Many animals use their voices to claim territory. Whether it is over a residence or a food source, organisms such as the Mangabee monkey defend their claims by singing. Lemurs also use vocal communication. They live as families, and together they create a song which either says “we live here” or “GTFO,” whichever way you want to take it. The female lemur leads and neighbours respond with their own family choruses. The Black Gibber, a species of monkey, is similar except it’s the male who leads. #FredEstaire
Monkeys are so cool. Some monkeys have even formulated “words”. They repeat the same sound to indicate particular things. A certain predator will have its own indicative sound. This alarms other monkeys of impending doom and helps everyone to protect one another. Some monkeys have even learned other species’ “words” and adopted them.
If we aren’t looking for a tree to pee on, we’re looking for a hot date. All sorts of organisms have developed unique ways to attract their counterparts. Often, birds will use high pitched voices. The Palm Cockatoo beats a stick on a stump, following it with a screeching call. Birds typically take the cake in courtship.
Toad Fishes have been known to create such a raucous in their breeding habits that they’ve been mistaken for power line surges and other mechanical malfunctions. Sometimes the telephone lines get jammed. In a chorus of many different types of male frogs, only the loudest are heard by the princess frog.
More quietly, the fireflies light up the night Malasian sky. These buggers communicate with the light produced by their bodies.
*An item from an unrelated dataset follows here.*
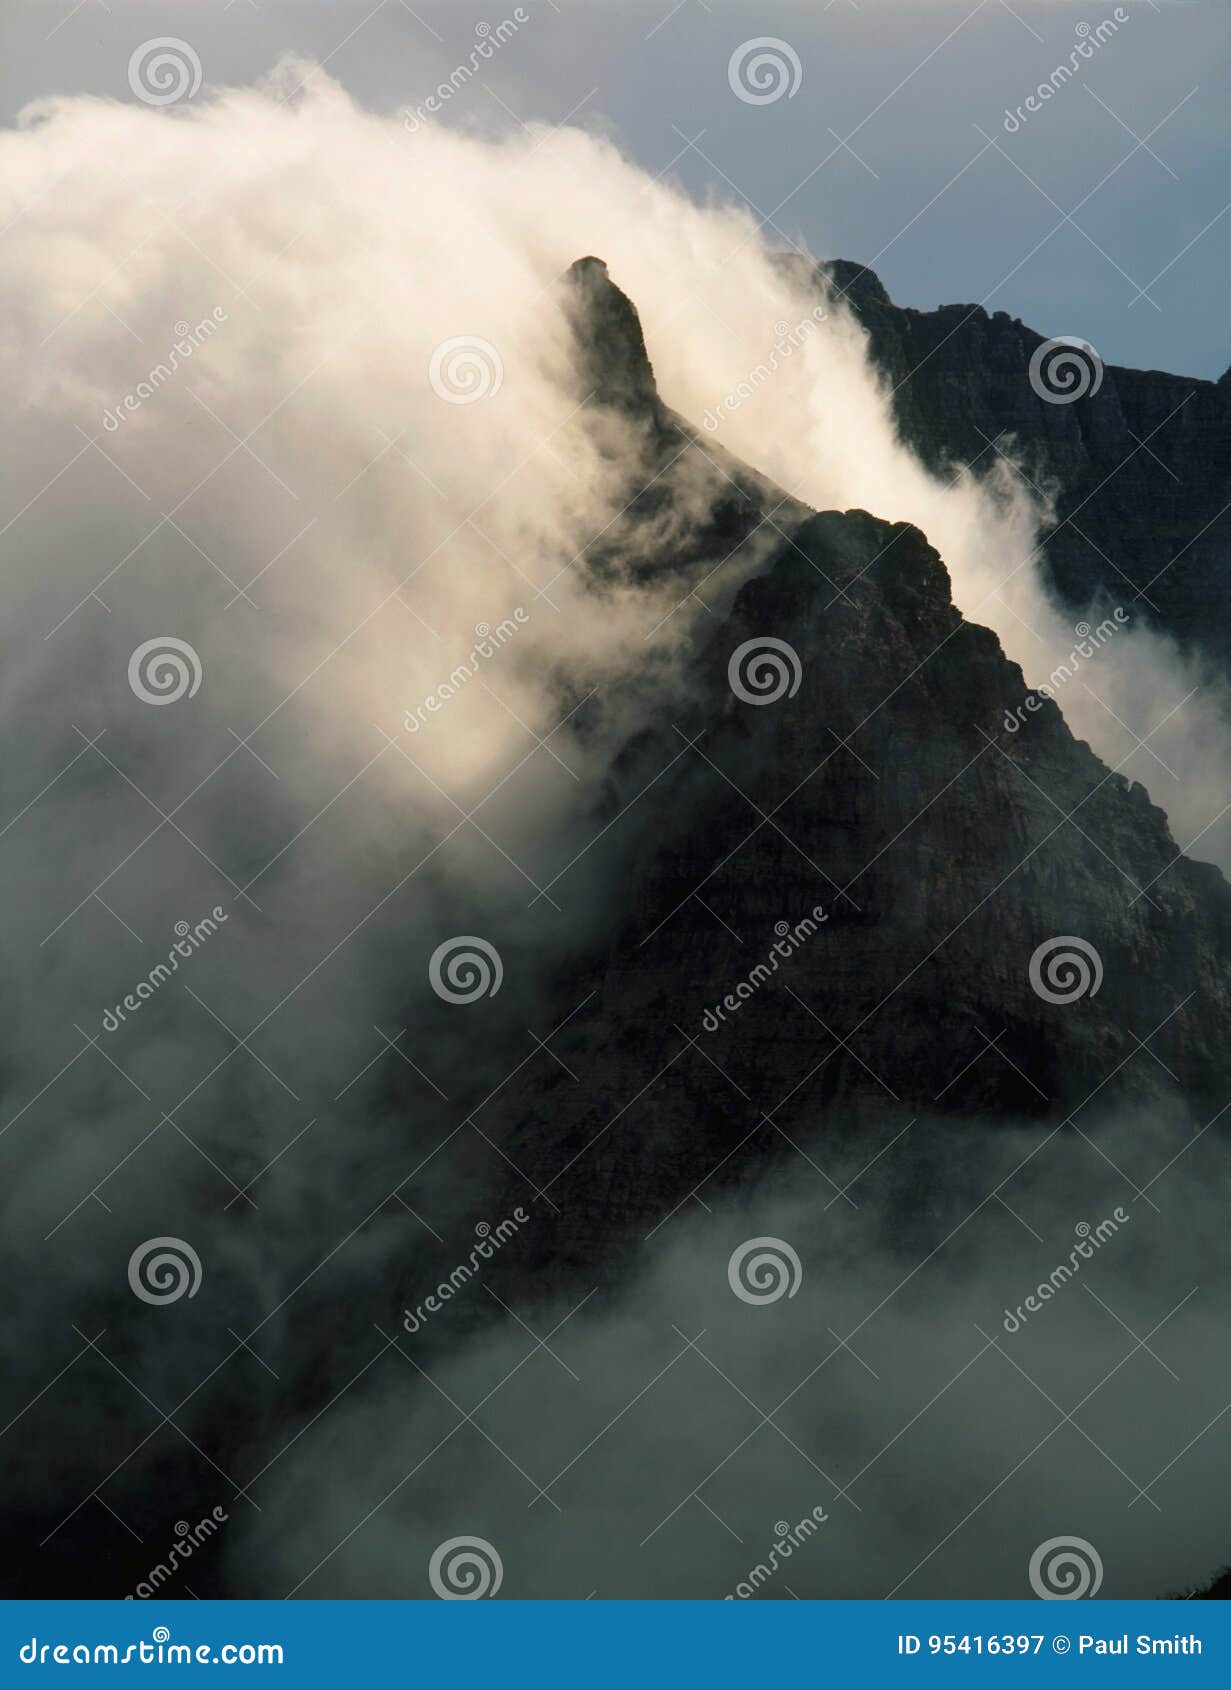 clouds smothering peaks of the lewis range, highline trail, glacier national park, montana

It is another sort of Morse code, but which is received with the eyes and not the ears. This communication can be mimicked with a flashlight and proper timing. (Kind of related but not really a Blue Fish topic – go check out Li-Fi Internet after you leave a comment below. Or comment what you think of Li-Fi. Cuz it sounds pretty cool.)
Even in the sea, light is used as a form of communication. Fire worms secret a substance which glows under the water’s surface. In the depths of the sea, our little beauties like jellyfish and squids glow in the darkest parts of the planet in order to communicate.
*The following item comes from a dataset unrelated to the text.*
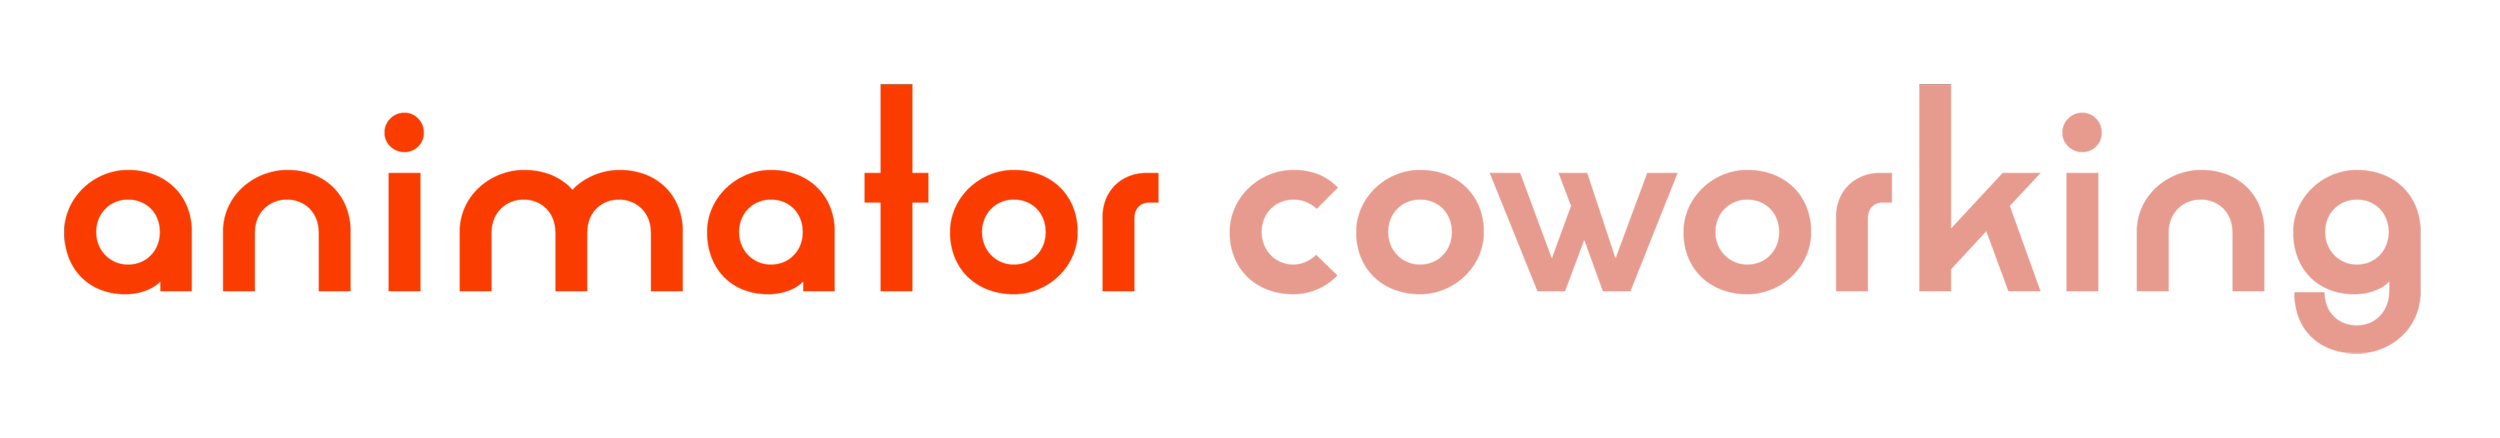 AC_logo_color.png
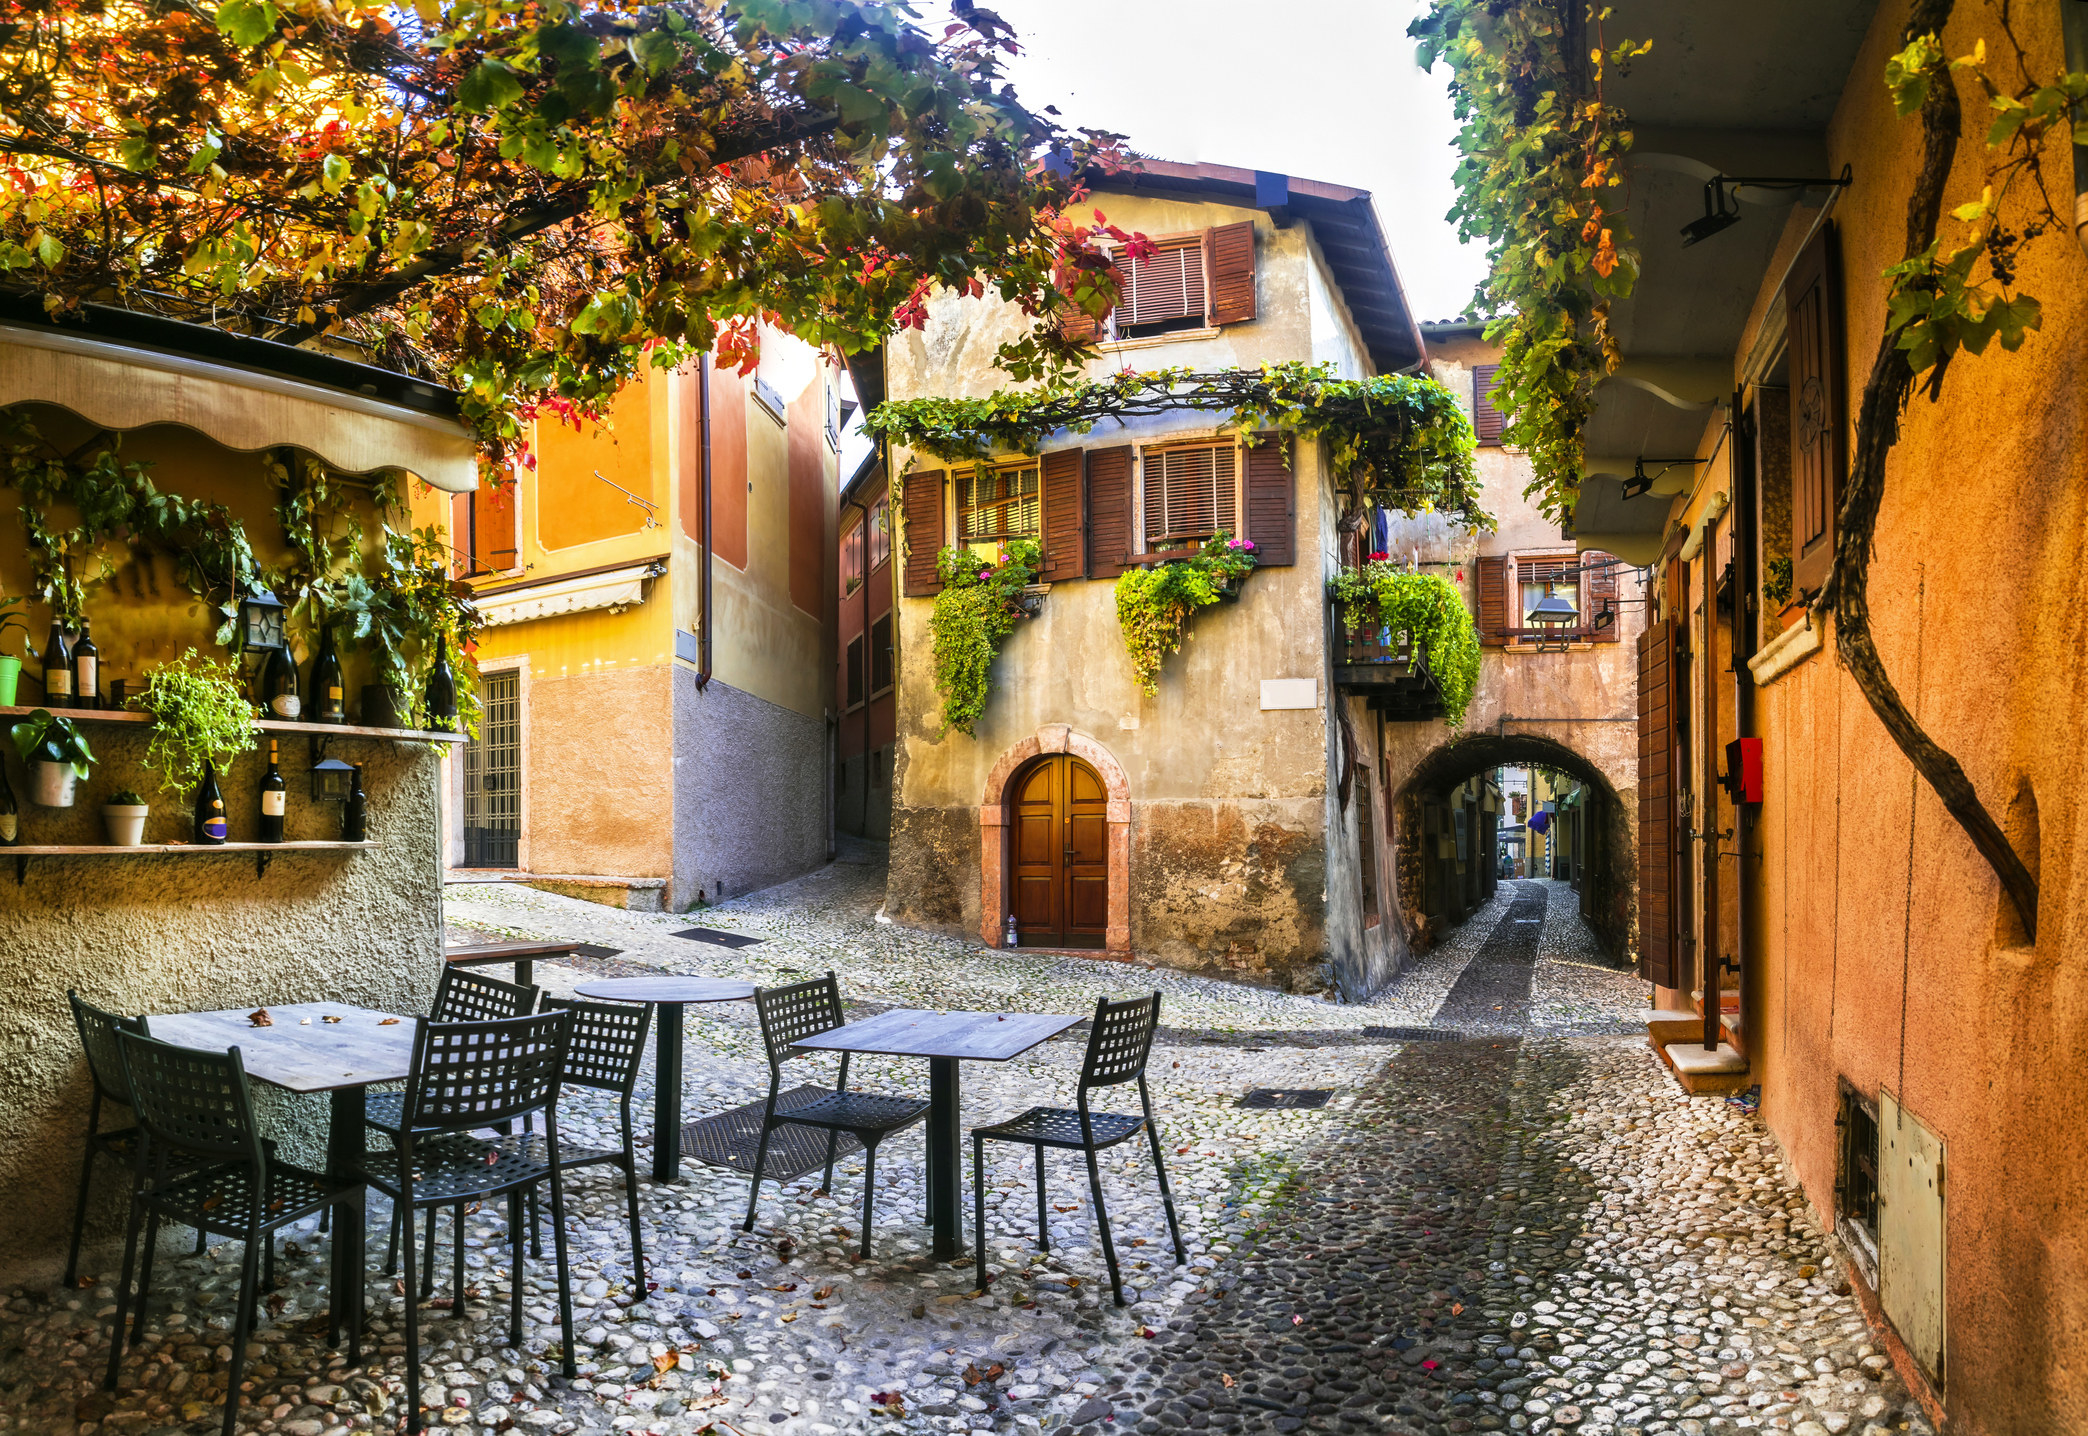 An old, charming Italian town

Sound travels well in the water. We hear all sorts of things while diving, but it’s a strange experience because it’s darn near impossible to tell from where the sound is coming. On land it’s fairly simple to determine the source of a sound – your brain figures it out using the time difference between the sound hitting one ear before the other. Underwater, we don’t have this luxury. The time delay is too minimal as sound travels four times faster underwater than in the air.
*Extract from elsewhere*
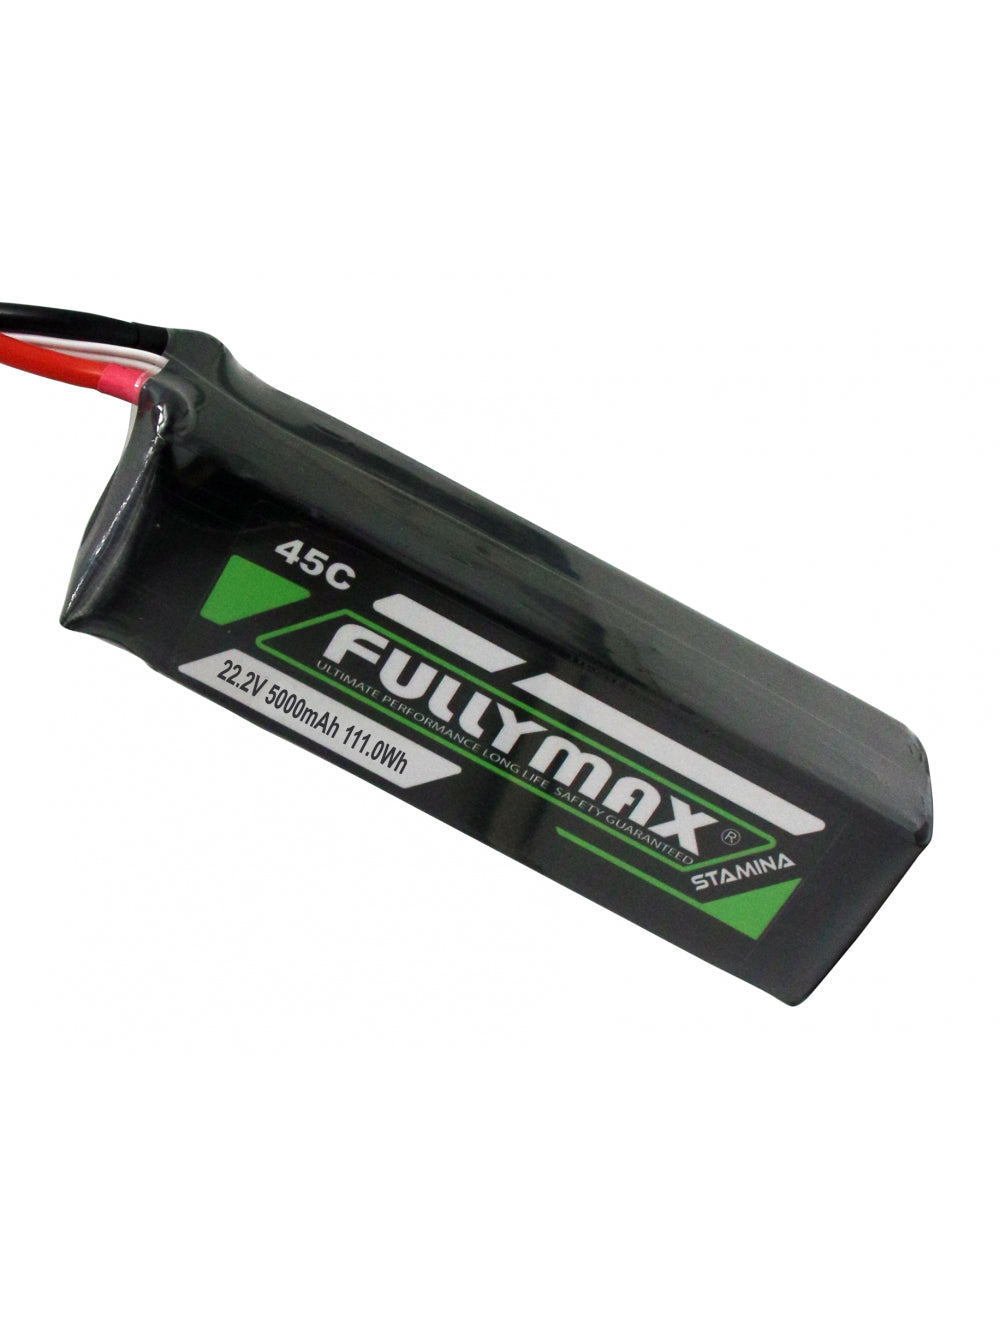 Overlander Fullymax 5000mAh 22.2V 6S 45C LiPo Battery - XT90 Connector 3448

Seals, whales, and fish are mostly the ones making noise underwater. Narwhals make clicking sounds which aid them in navigation. Some whales are so loud that they can make public announcements over several miles. Deaf water dwelling creatures communicate visually by changing colours.
Dolphins are excellent communicators. They converse almost continuously with ultrasonic clicks and whistles. Dolphins have their own “whistles” which act as their names for others to call them by. They rub their fins with those of other dolphins as two humans may shake each other’s hands.
Communication has evolved in the animal kingdom much as it has for humans. Even though there are no cell phones in the jungle and no Internet in the sea, wild animals have made sure that they will be heard, or seen, or felt. Successful animals have surpassed the trials of communication either to protect themselves and their territory or to attract a mate. In any case it is these animals who will be heard and will pass on their loud mouths to the next generation, keeping the song in tune.
**This post is adapted from an essay I wrote in 2010 while attending SLU.
Attenborough, D. (Director). (1990). Trials of life [Motion picture on VHS]. British Broadcasting Corporation in association with the Australian Broadcasting Corp.
Graver, D. (2010). Scuba diving (4th ed., p. 32). Champaign, Ill.: Human Kinetics.